I'd prefer not to set myself up as a contractor, responsible for my own tax and NI; but what alternative/s is there, if I'm on the payroll of a US based company as a UK citizen - but living and working in the UK?

I would really appreciate some help and advice as to how I deal with the above.

Many, many thanks in anticipation.


----------



## 90199 (Mar 21, 2010)

You have to pay tax and N.I., however if you go self employed you will find that your national Insurance contributions will be far lower,

Hepa


----------



## joelblu (Sep 30, 2010)

Whilst that's true, I will then have to employ an accountant to do my books, tax return etc as its not my cup of tea, which will mean I'm out-of-pocket if I go self-employed. As I say, I'd prefer to be on the US company payroll, and let the company take care of all that, but I don't understand what the income tax and NI implications are when I'm living and working in the UK but for a 'remote' US company, they would pay the tax and NI along with my salary, but this would have to be in the UK, not the US obviously, how does that work?



Hepa said:


> You have to pay tax and N.I., however if you go self employed you will find that your national Insurance contributions will be far lower,
> 
> Hepa


----------



## Bevdeforges (Nov 16, 2007)

joelblu said:


> Whilst that's true, I will then have to employ an accountant to do my books, tax return etc as its not my cup of tea, which will mean I'm out-of-pocket if I go self-employed.

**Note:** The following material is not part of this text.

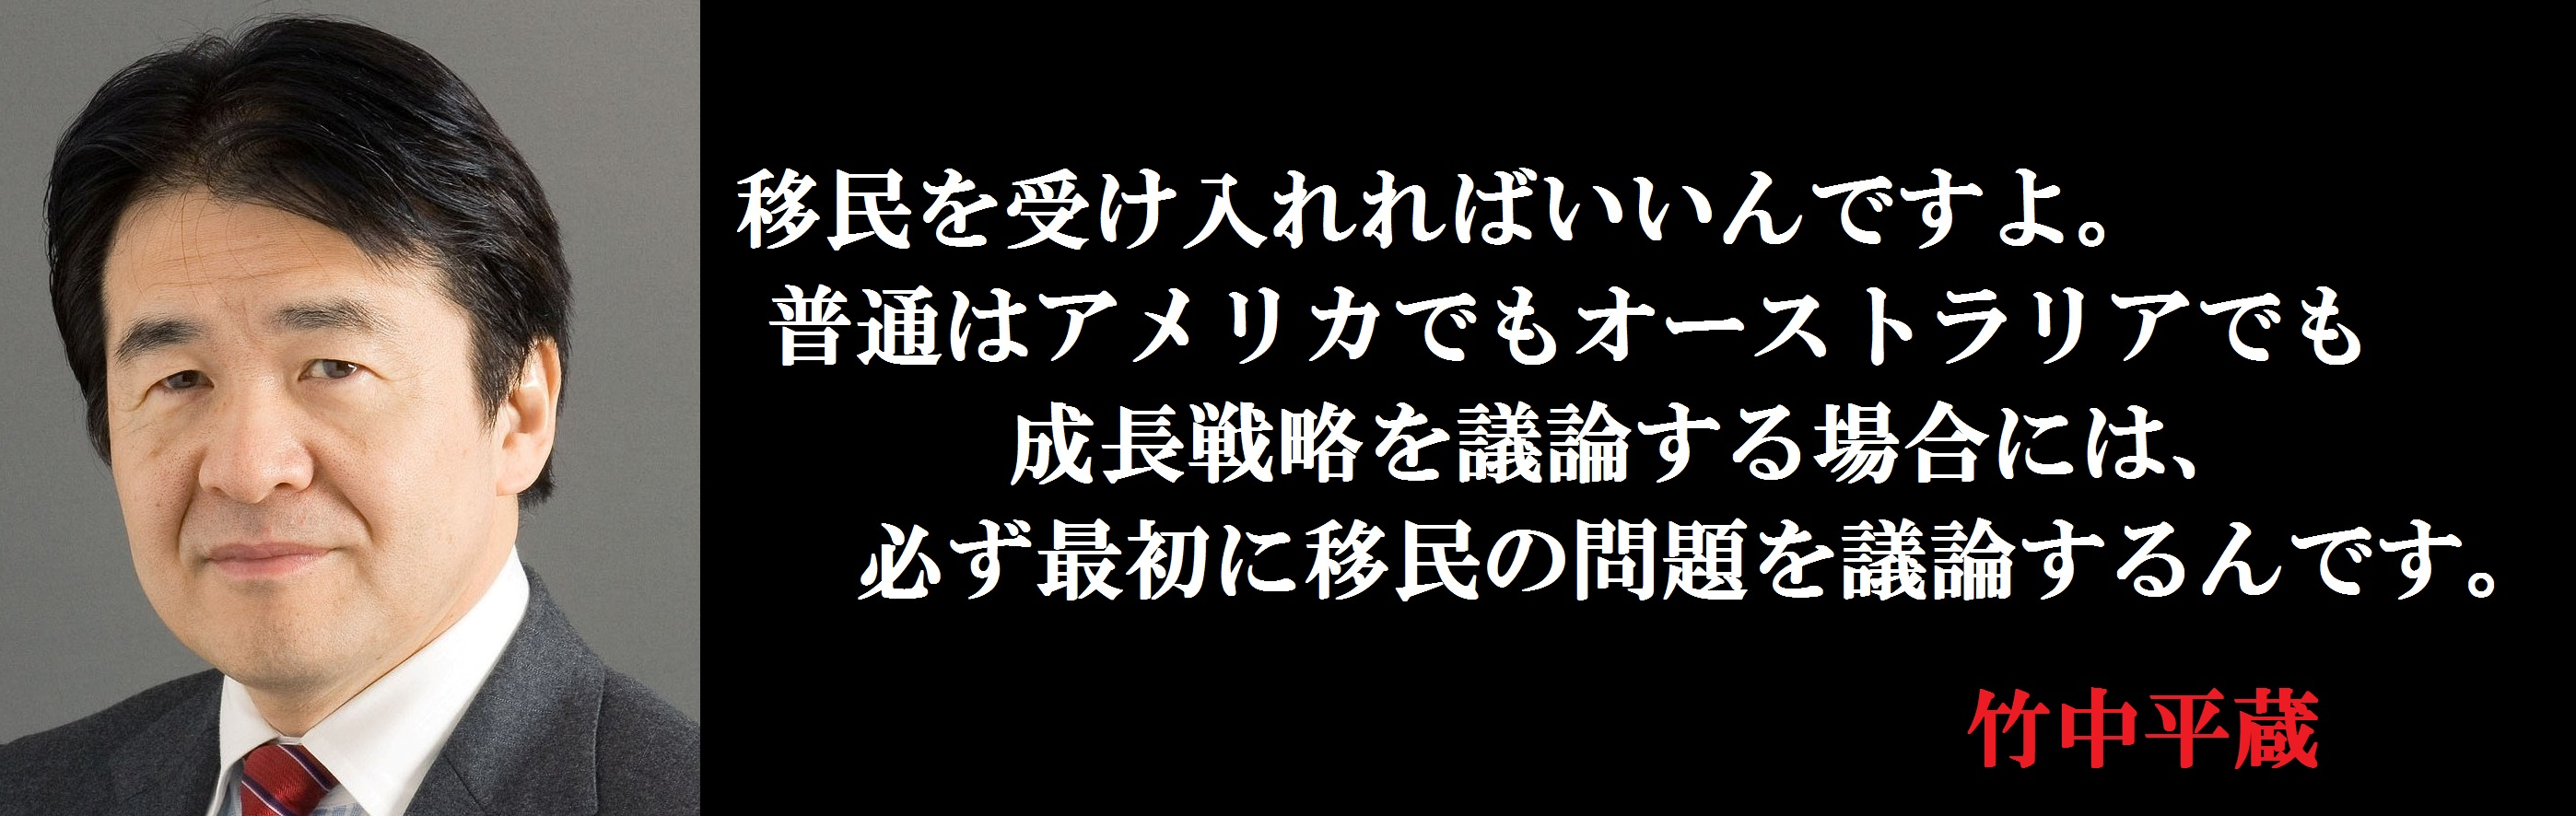 f:id:JAPbuster:20160911141111j:plain

As I say, I'd prefer to be on the US company payroll, and let the company take care of all that, but I don't understand what the income tax and NI implications are when I'm living and working in the UK but for a 'remote' US company, they would pay the tax and NI along with my salary, but this would have to be in the UK, not the US obviously, how does that work?


Basically, it doesn't. If your employer doesn't have a UK presence (i.e. is not registered in the UK as a business entity of some sort) they can't handle the payroll issues for an "employee" resident in the UK.

If you are working as a contractor or self-employed, you need to be paid enough to cover your "salary" plus expenses, which include the employer contribution to the social insurances plus the costs of record-keeping, registration (for taxes and social insurances) and any services like accountants that may be required. As an employee you would also be getting benefit of things like the employer's office supplies, telephone, Internet connection, computer network, etc. All of which you will have to provide for yourself as a remote worker.

In the US, they normally recommend that someone going "independent" like that will need to be paid about twice their salary rate (per hour or per month) as what they would get as salary as part of the employer's payroll in order to make ends meet and wind up with a comparable level of pay. For European countries, there is also the issue of VAT - which you may need to assess when billing your "employer" (depending upon the nature of the work you do) for your services.

There are also US employers who propose these sorts of remote working arrangements because they hope to avoid the higher employee costs related to social insurances in European countries.
Cheers,
Bev


----------



## joelblu (Sep 30, 2010)

Bevdeforges said:


> Basically, it doesn't. If your employer doesn't have a UK presence (i.e. is not registered in the UK as a business entity of some sort) they can't handle the payroll issues for an "employee" resident in the UK.
> 
> If you are working as a contractor or self-employed, you need to be paid enough to cover your "salary" plus expenses, which include the employer contribution to the social insurances plus the costs of record-keeping, registration (for taxes and social insurances) and any services like accountants that may be required. As an employee you would also be getting benefit of things like the employer's office supplies, telephone, Internet connection, computer network, etc. All of which you will have to provide for yourself as a remote worker.
> 
> ...


Many thanks Bev, much appreciated!


----------



## joelblu (Sep 30, 2010)

hfmtax said:


> You can't be self-employed as you are employed by the US company. HMRC allow you to set up a UK payroll scheme where you deduct the tax and NI yourself. We do this for other UK residents working for US companies. It's simple to operate but the challenge is finding someone at the Revenue (or an accountant) who has heard of the scheme! Be glad to help. Don't go self-employed though as you're not - and it's not a choice under UK rules.
> 
> Ian Marlow


Ian, many thanks, this is good advice. Setting up a 'UK payroll' with the assistance of HMRC sounds perfect, but could perhaps be a challenge? That said, it must be done properly, so I would really value some help - if you'd be so kind?

Where do I begin?

Jason


----------